While support for transplant for early iCCA in the setting of cirrhosis has increased, limited data was available regarding the efficacy of liver transplant for larger, unresectable, liver-limited iCCA in the absence of underlying liver disease. In 2018, a small prospective case series was conducted by Houston Methodist Hospital and MD Anderson Cancer Center on liver transplant for locally advanced, unresectable iCCA after gemcitabine based neoadjuvant chemotherapy [26]. Under this protocol, six months disease stability or response to therapy rather than tumor size were used as patient selection criteria for transplant.
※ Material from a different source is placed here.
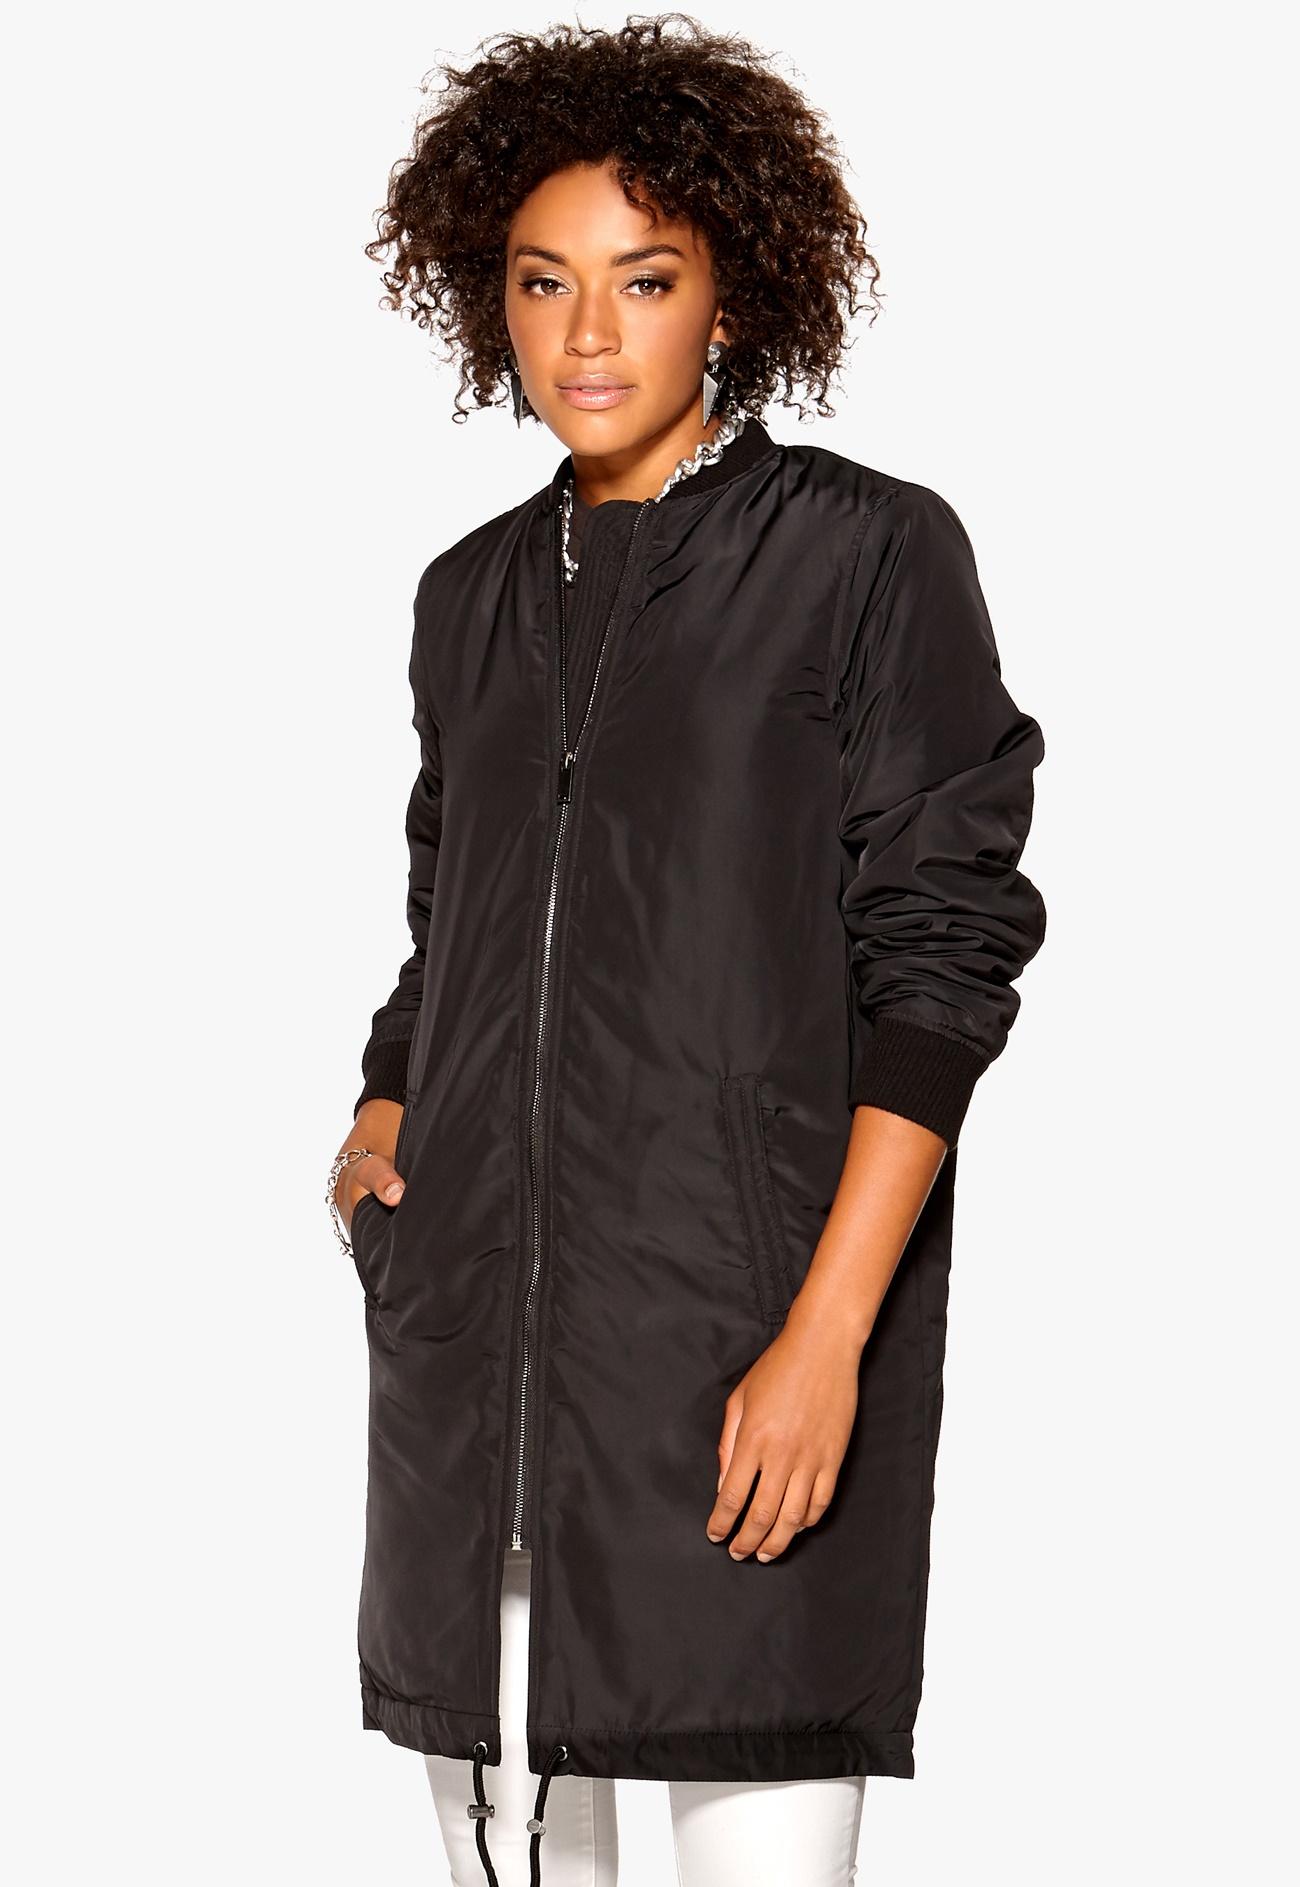 vero moda linea 3 4 jacket black bubbleroom. Black Bedroom Furniture Sets. Home Design Ideas

Although only six patients received transplantation, the overall survival was 83.3% with 50% recurrence free survival at five years. Continuing this protocol, this group subsequently reported a follow-up series of 18 patients receiving liver transplant [27]. Overall survival was 57% at five-years survival with 38% disease recurrence, with multifocality increasing the risk of recurrent disease. In intent to treat analysis, qualifying patients that did not receive transplant had 100% mortality at two years. Although these protocols provide insight and possible favorable outcomes of liver transplant for patients with iCCA, additional prospective data is needed to support this indication. At this time, liver transplant for larger iCCA remains restricted to research protocols, but consideration for referral to a transplant center evaluating such protocols should be considered.